L’ultima puntata della prima stagione si conclude con il regista (interpretato da un magnifico Francesco Pannofino, in un ruolo che definire iconico è dire ben poco) che, uscendo dall’ennesima giornata di lavoro sul set accompagnato dallo stagista di regia (la cosa più vicina a un protagonista che ci sia nella serie, Alessandro Tiberi), scopre di essere stato derubato del proprio motorino, commentando soltanto: “Che paese...”. La successiva scena di Alessandro, lo stagista, alla guida del proprio motorino con alle spalle René, il regista, che tiene in mano il sacchetto di plastica pieno d’acqua con dentro Boris (pesciolino rosso porta fortuna, simbolo della serie stessa) è un’immagine deprimente ma anche simbolica di una comunità-paese che si arrabatta, che cerca solo di tornare a casa alla fine della giornata e di farlo salvando ciò che più ha di prezioso: la passione. Inespressa, martoriata, umiliata… ma anche bruciante, e viva. Il motore delle nostre vite.
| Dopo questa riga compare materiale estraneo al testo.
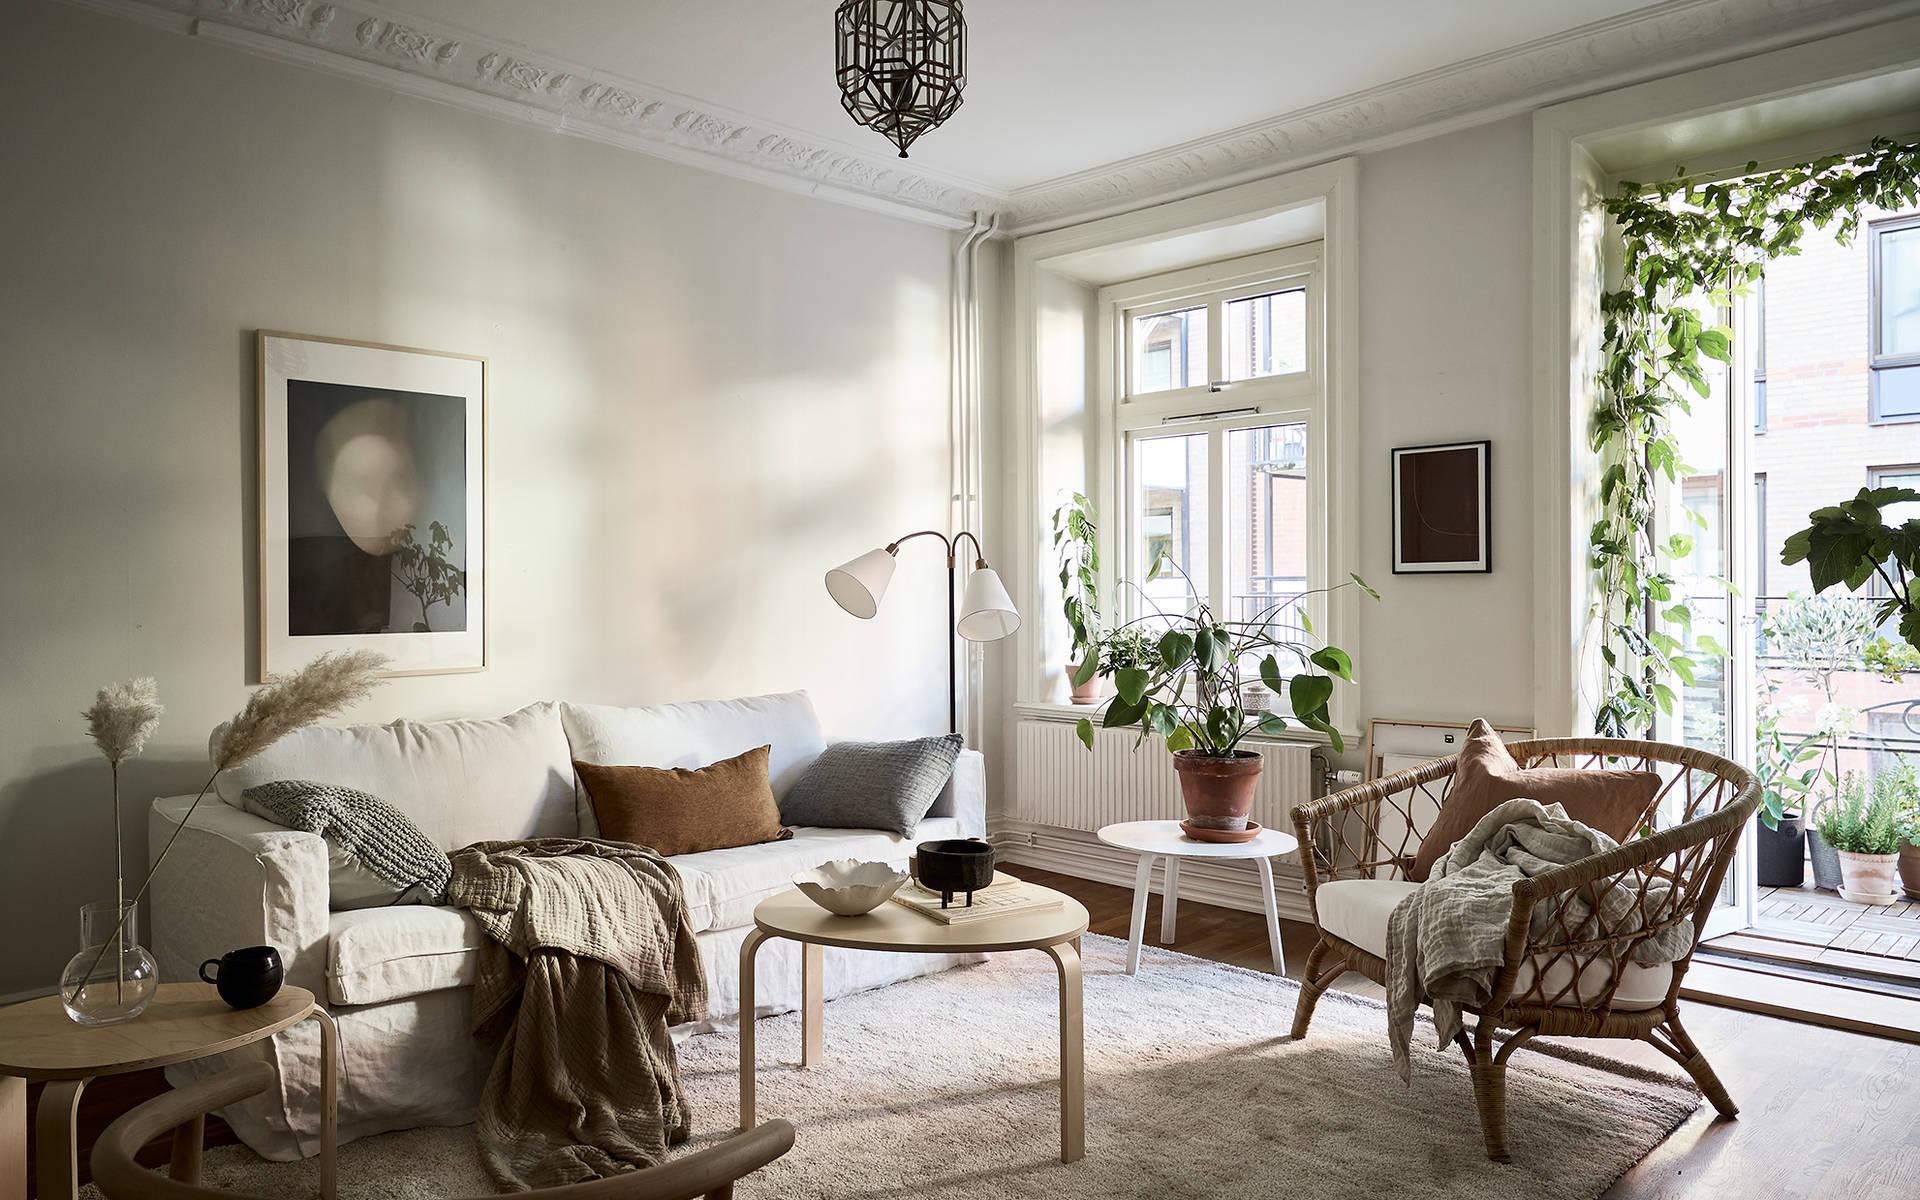 How to Get Scandinavian Modern Style - Vinterior

Credo sia una fotografia affascinante (e un po’ triste) di quello che siamo noi italiani, e di quello che abbiamo dimostrato essere nelle ultime settimane caratterizzate da una crisi politica che oltre a essere improvvida risulta anche a molti incomprensibile; citare una delle ultime battute della serie (“Questa è l’Italia del futuro: un paese di musichette, mentre fuori c’è la morte”) sarebbe parso, forse, troppo forte.

“Boris” ritornerà, quindi, probabilmente in autunno. E tornerà a parlare (almeno spero) di come siamo, tutti e senza peli sulla lingua, e senza paura di nessuno perché in fondo ci conosciamo benissimo, anche se a volte non ci piace ammetterlo. Un nuovo quadro delirante ed esilarante, di una natura morta sempre identica a se stessa.